Content Generation / Writing Assistant Blog posts, marketing copy, creative writing 1024 → 1024 Deferred / Batch ≤500 ms ≤35 ms/token ≤40 s Emphasis on completeness and coherence over latency.
Summarization (Short Doc) Summarize medium-length text (articles, emails) 4096 → 512 Interactive / Deferred ≤600 ms ≤30 ms/token ≤15–20 s Prefill-heavy; user can wait briefly for summary.
Document Analysis / RAG Q&A Context retrieval, long-document reasoning 4096 → 512 Interactive ≤600 ms ≤30 ms/token ≤18 s Prefill cost dominates; responsiveness helps iterative Q&A.
Long Document Summarization Summarize multi-page reports or papers 10240 → 1536 Deferred ≤1 s ≤40 ms/token ≤60 s User expects processing delay; prioritize throughput.
Research / Legal / Multi-Document Q&A Analytical reasoning across large corpora 10240 → 1536 Batch / Offline ≤2 s ≤45 ms/token ≤75–90 s Asynchronous processing; cost and throughput optimized.

3. Experience Classes and User Expectations

The experience class determines how fast the interaction must feel to meet user expectations, independent of hardware capabilities.
This makes SLOs experience-driven, not merely performance-driven.
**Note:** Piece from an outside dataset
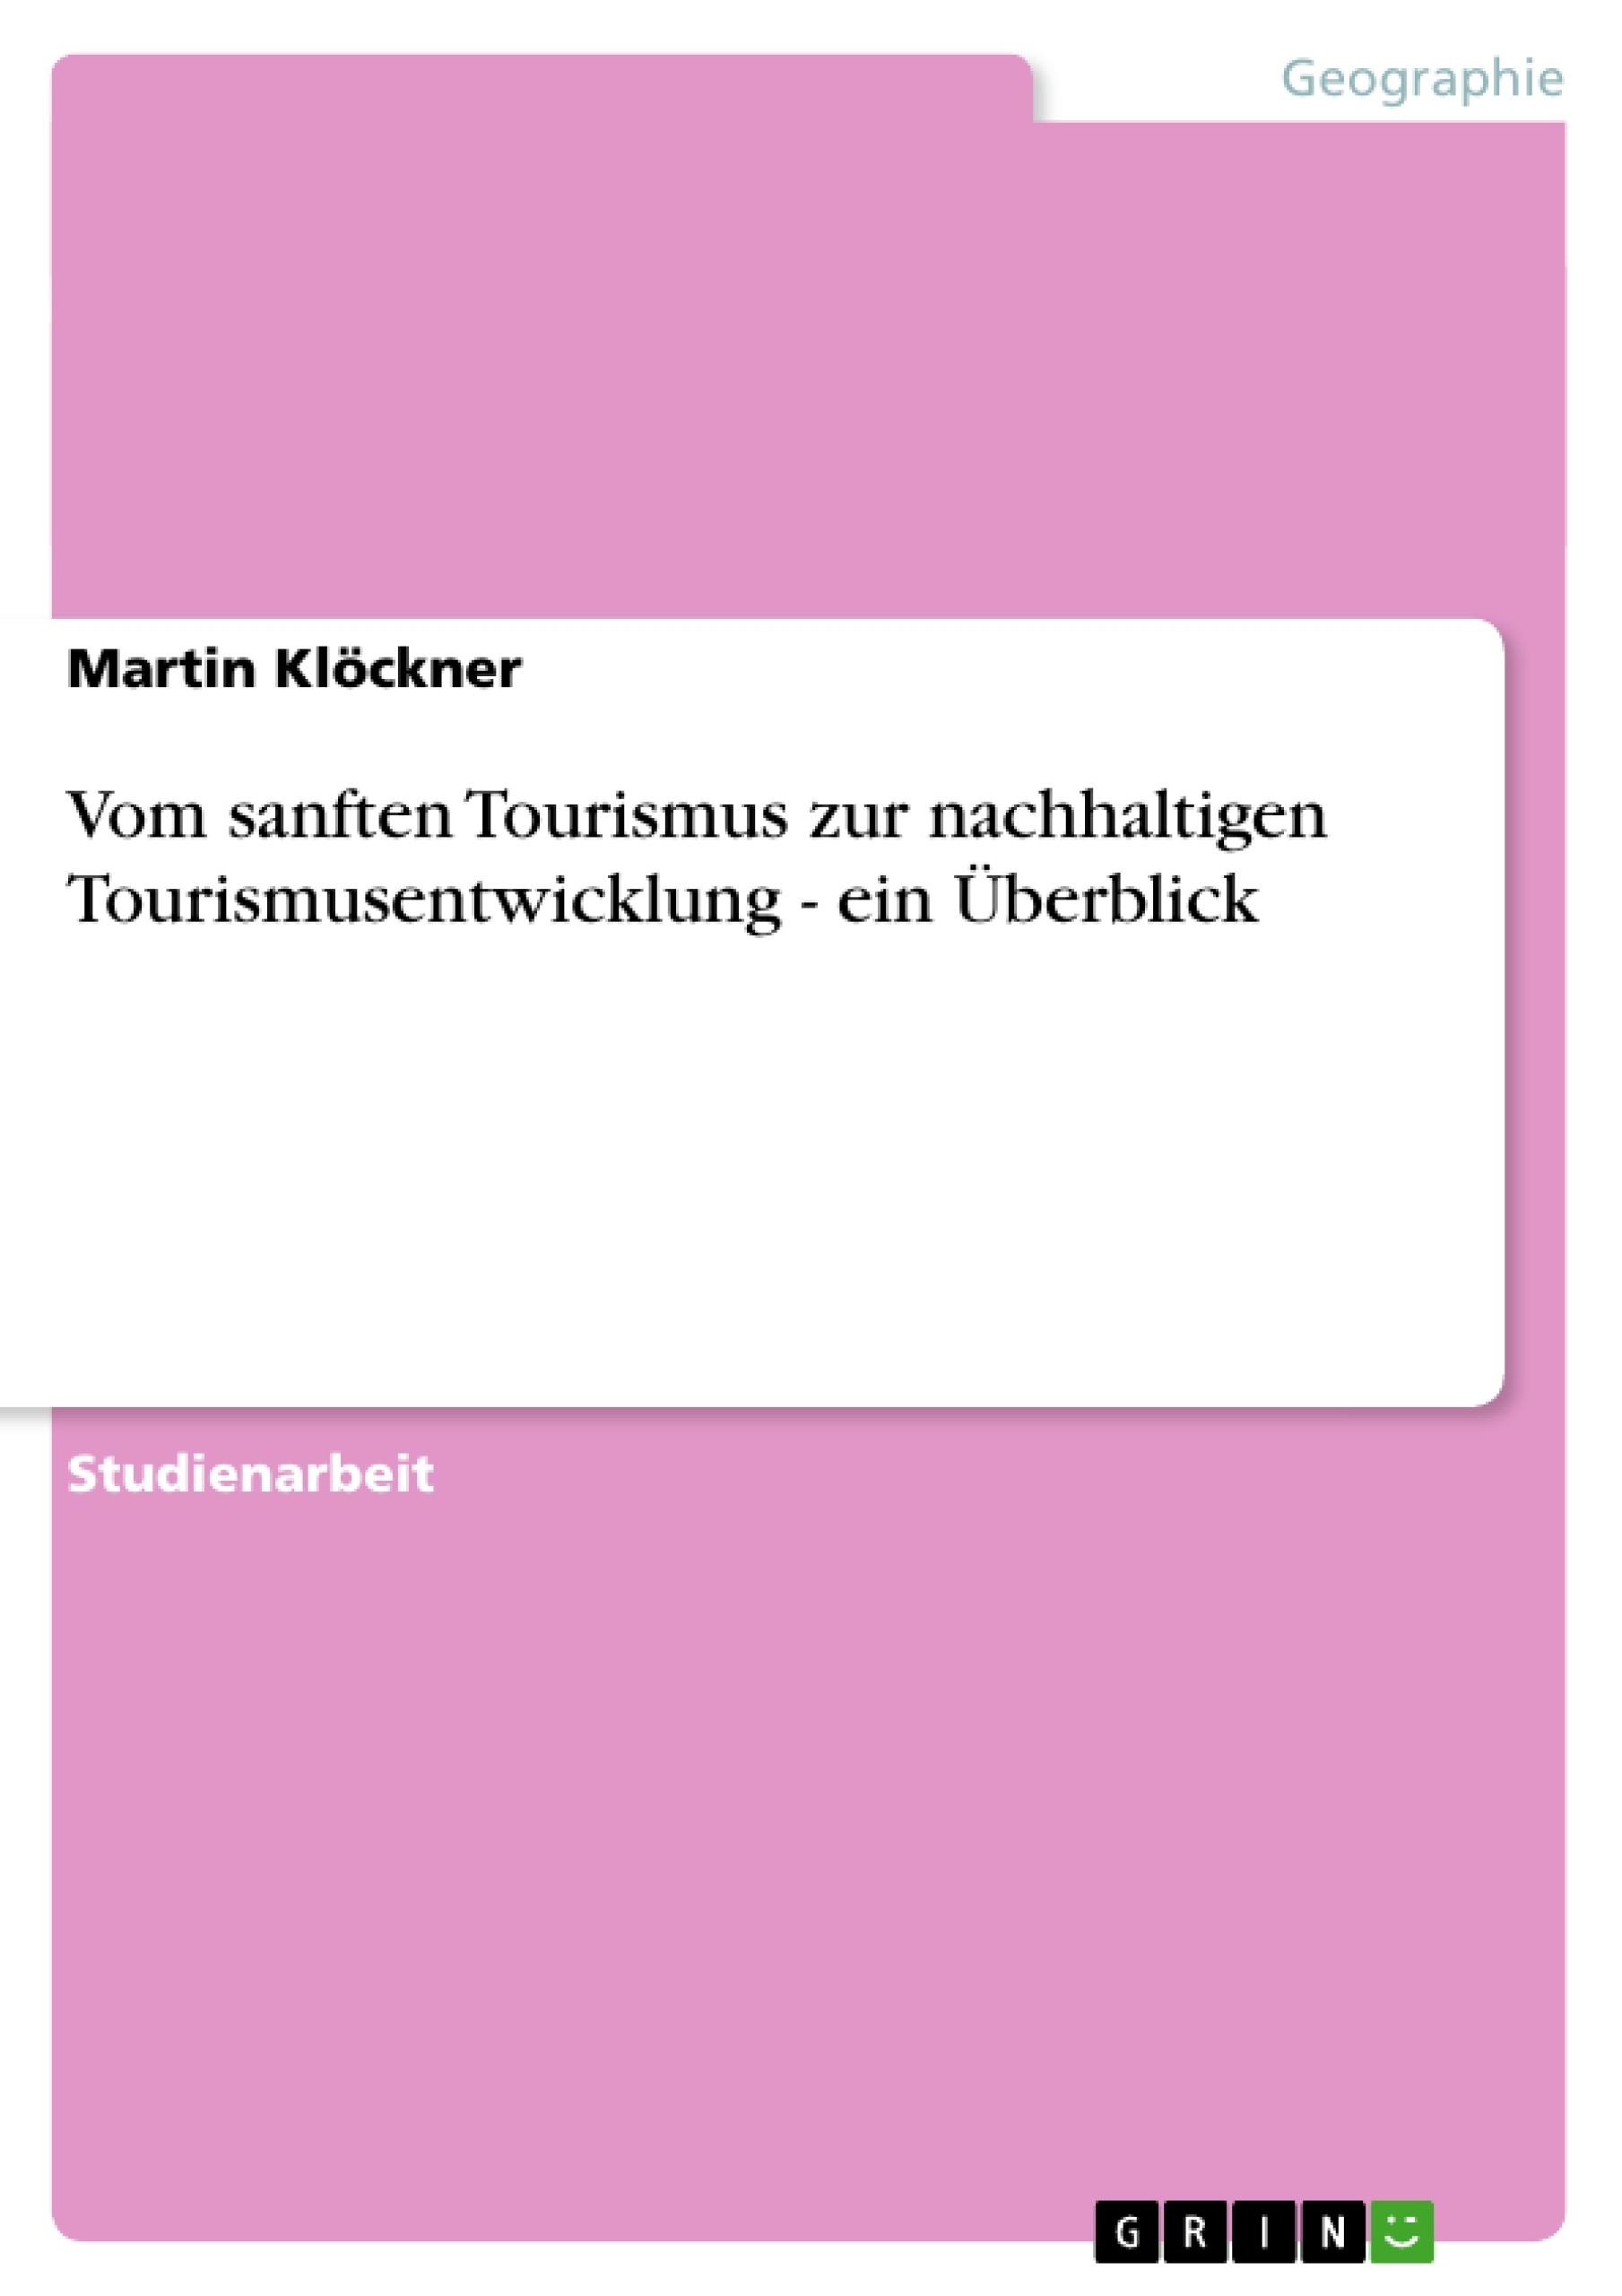 Titel: Vom sanften Tourismus zur nachhaltigen Tourismusentwicklung - ein Überblick
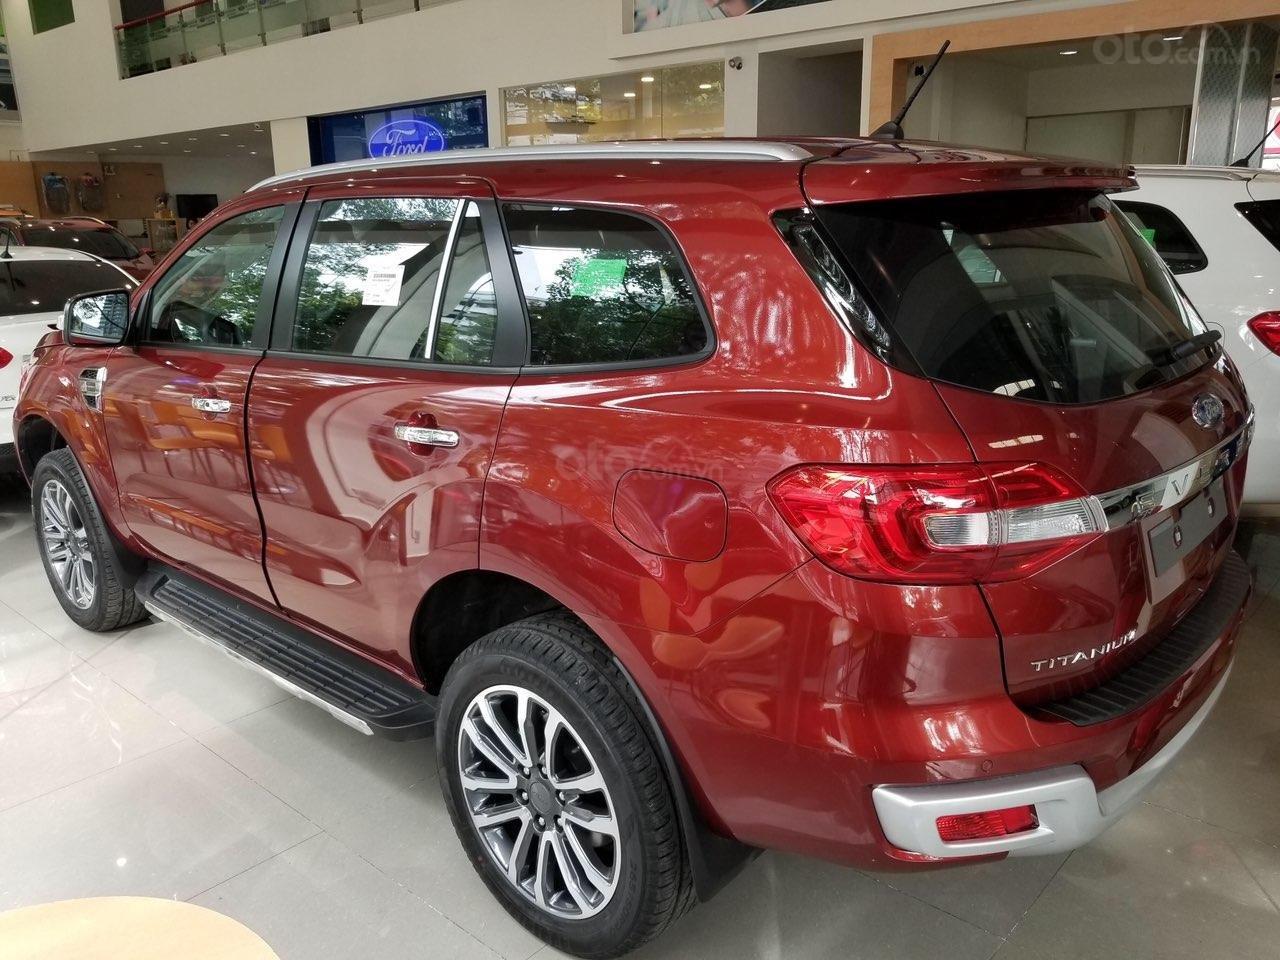 Ford Everest Ambiente và Titanium 2019, màu đỏ, nhập khẩu, giá nát để lấy doanh số, tặng kèm phụ kiện và hỗ trợ lệ phí-5

Experience Class User Expectation Example Applications Latency Tolerance
Instant (UX-Critical) Feels real-time; user notices any delay Code completion, inline assistants TTFT ≤150 ms; ITL ≤25 ms
Conversational Feels natural; output streams smoothly Chatbots, Q&A, support bots TTFT ≤300 ms; ITL ≤30 ms
Interactive Some waiting acceptable RAG workflows, analysis bots TTFT ≤500 ms; ITL ≤35 ms
Deferred User expects delay (spinner acceptable) Translation, summarization TTFT ≤1 s; ITL ≤40 ms
Batch / Offline Fully asynchronous; throughput prioritized Research, document processing TTFT ≤2 s; ITL ≤45 ms

4. Practical Implications

Hardware and Cost Optimization

Two workloads can have the same traffic profile but different latency requirements:

  • Latency-sensitive use cases (chat, code completion) justify higher-end GPUs (A100, H100) with lower batching and tighter scheduling.
  • Throughput-oriented use cases (summarization, translation) can use mid-range GPUs (L40S, A10) with larger batches and lower cost.

Deployment Strategy

Experience Class Hardware Tier Batching Strategy Priority Goal
Instant / Conversational Premium GPU (A100/H100) Small batches (≤4) Low TTFT & ITL
Interactive Balanced GPU (L40S, A10G) Medium batches (8–16) Balance latency & throughput
Deferred / Batch Cost GPU (A10, T4) Large batches (≥16) Maximize throughput / cost

Throughput Handling

If the required throughput exceeds the capacity of a single GPU:

  • Replicate instances of the same type.
  • Scale horizontally to achieve desired QPS (queries per second).
  • Maintain per-instance SLO compliance before aggregation.

5. Summary

  • Traffic profiles define computational load shape (prefill vs. generation ratio).
  • SLOs define experience expectations — what latency is necessary for users to feel the system is performing well.
  • Identical traffic patterns may have different SLOs due to distinct UX requirements.
  • Separating “traffic profile” (what the workload is) from “experience class” (what the workload needs) enables precise capacity planning.
  • Hardware, batching, and scheduling strategies should be tuned to meet the target SLOs at the lowest feasible cost.